If you have a three-node cluster, as I do, and your cluster nodes do not have redundant power supplies that each plug into a different circuits, a power supply failure will make your cluster a two-node very quickly. Now, if all your nodes are drawing their electricity from one electrical circuit and that circuit fails, you have a cluster of none. This means downtime and your organization loses money due to lost productivity, email-delivered opportunities, and rapid access to requested data. A redundant path for power is needed to increase availability. And do not forget the Heating, Ventilation, and Cooling (HVAC). Adding more servers and a SAN to a data center will drive up the heat - make sure you have cooling in place that can handle the additional hardware.

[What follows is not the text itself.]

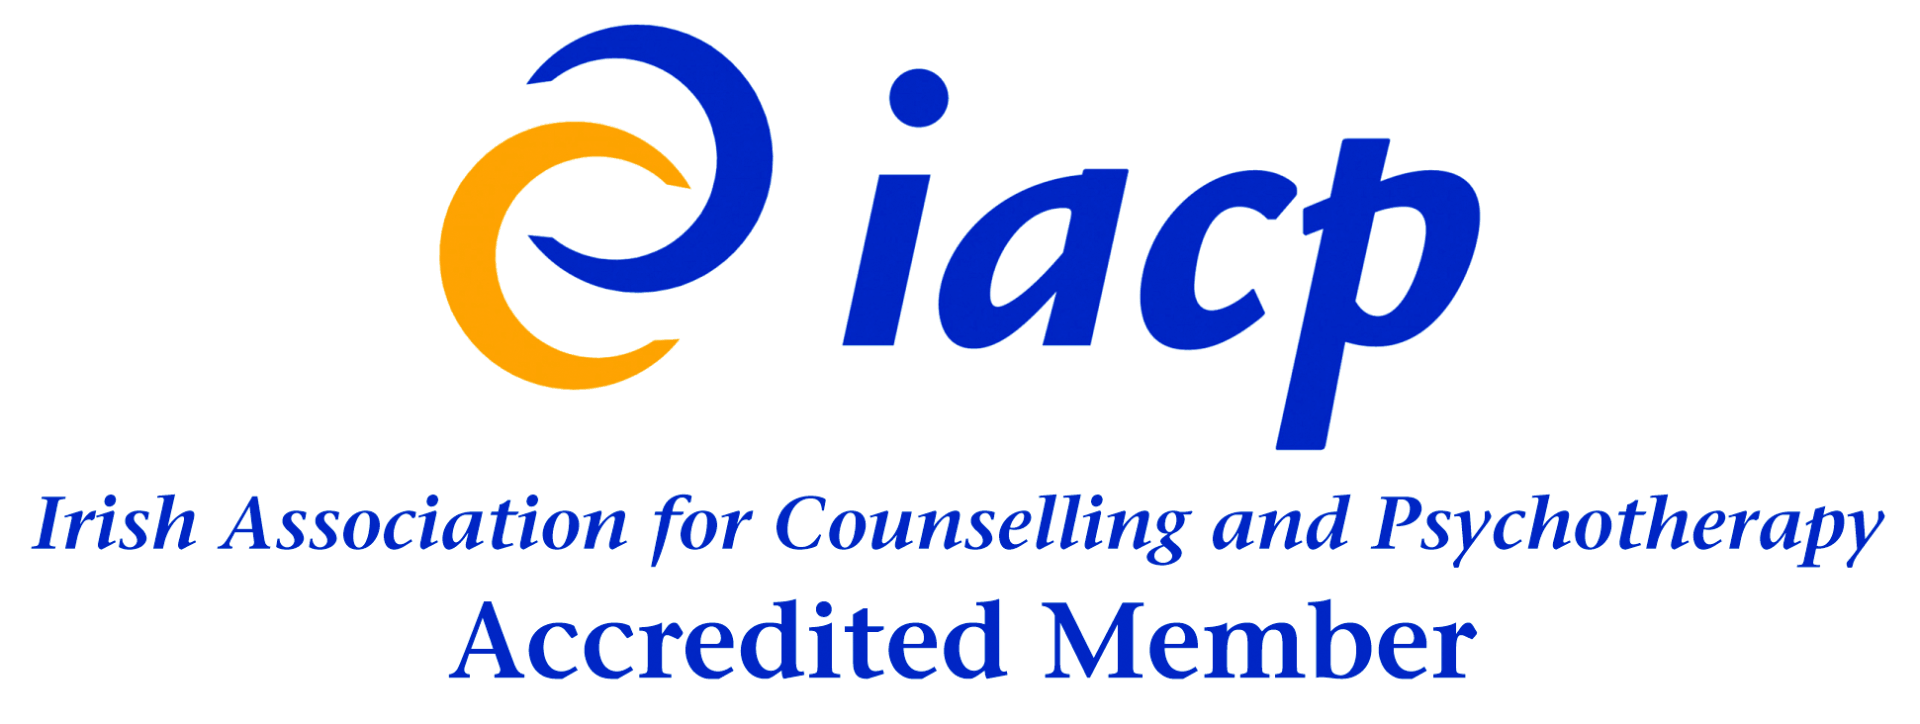 Irish Association of Counselling and Psychotherapy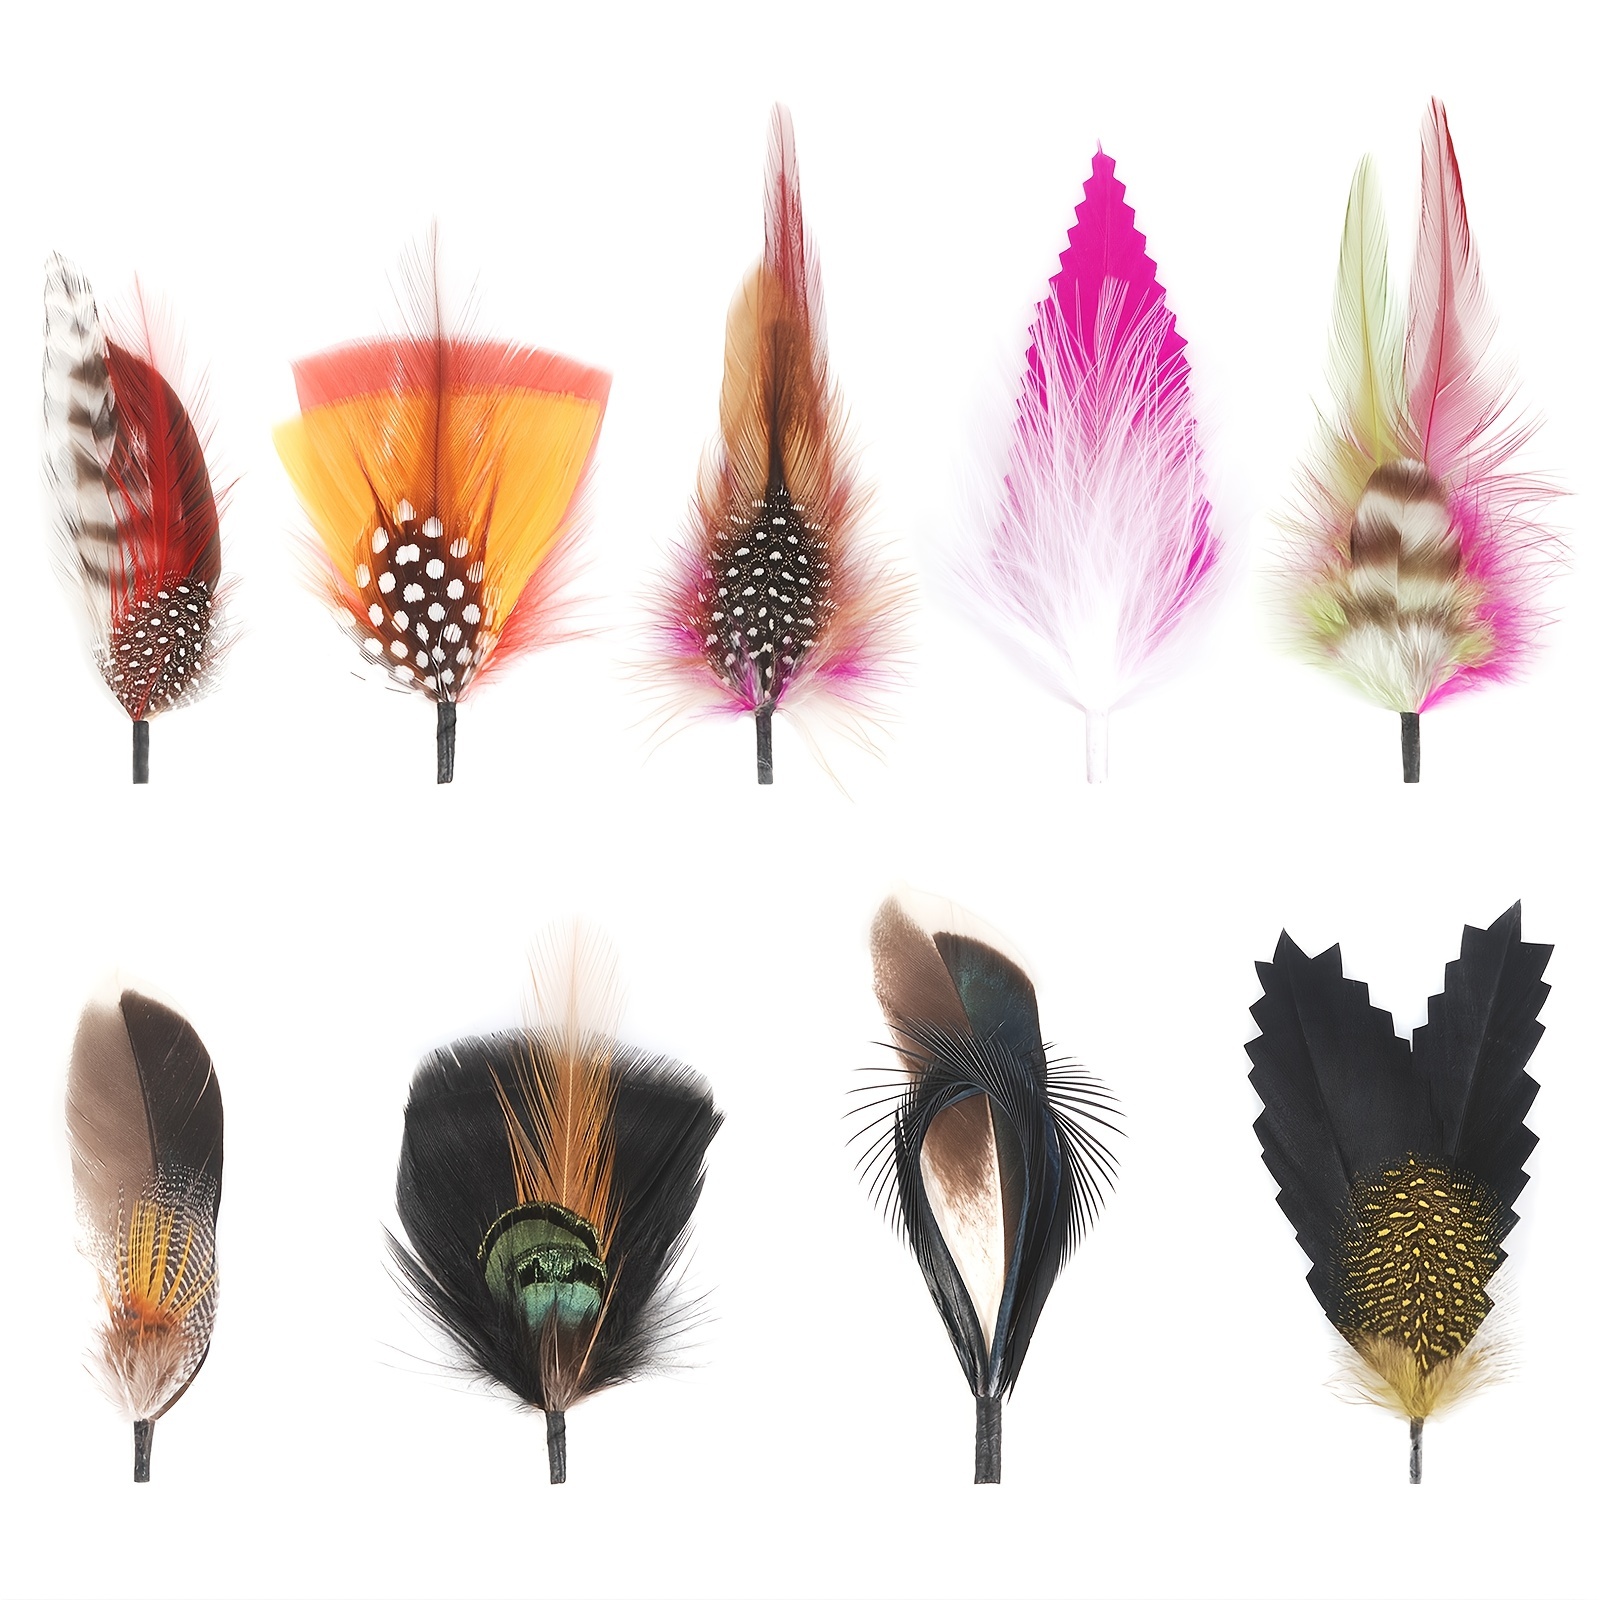 20 Pcs Hat Feathers Assorted Feathers for Fedora Hats Colorful Real Feathers  Accessories for Men Women (Classic Style)

The same applies for NICs. Having two NICs in a node, each going to a different module on a switch provides network interface path redundancy. Add to the redundancy the ability to "Team" the NICs, and a failure of one NIC or one switch module will not cause the loss of a node in your cluster - again, increasing the resiliency of the cluster.
Note: What is NIC "Teaming"? Teaming is a feature of newer NICs and their drivers that make two or more physical NICs appear as one. You might think of "Teaming of NICs" as "virtualization of NICs." The bonded pair of NICs acts as one from the operating system point of view. In the case of clustering, this means a bonded pair of NICs has one IP address and balances the traffic across the bonded NICs. This also means that should one NIC - or the NICs switch module it's plugged into - fail, the other NIC of the pair picks up all traffic, effectively increasing the availability of the cluster node.
Host Bus Adapters (HBAs) are the "NIC" for SAN connectivity. HBAs connect directly to the SAN through a -'fibre switch'- and the fibre switch connects to the SAN's service processor'. A service processor is a loose term, as different vendors have different names for it. Suffice to say a service processor is the CPU of the SAN. A fibre switch is similar to an Ethernet switch but with disk channel access to the SAN. Since all data is held on the SAN, it makes sense to have two HBAs in case of an HBA failure. But what if the fibre switch fails? Best to have two fibre switches and each cluster node HBA plugs into a different fibre switch. This is called 'multi-pathing'. Most SAN vendors have software that runs on the server nodes that assists and directs the 'multi-pathing' for OES and clustering, such as PowerPath from EMC.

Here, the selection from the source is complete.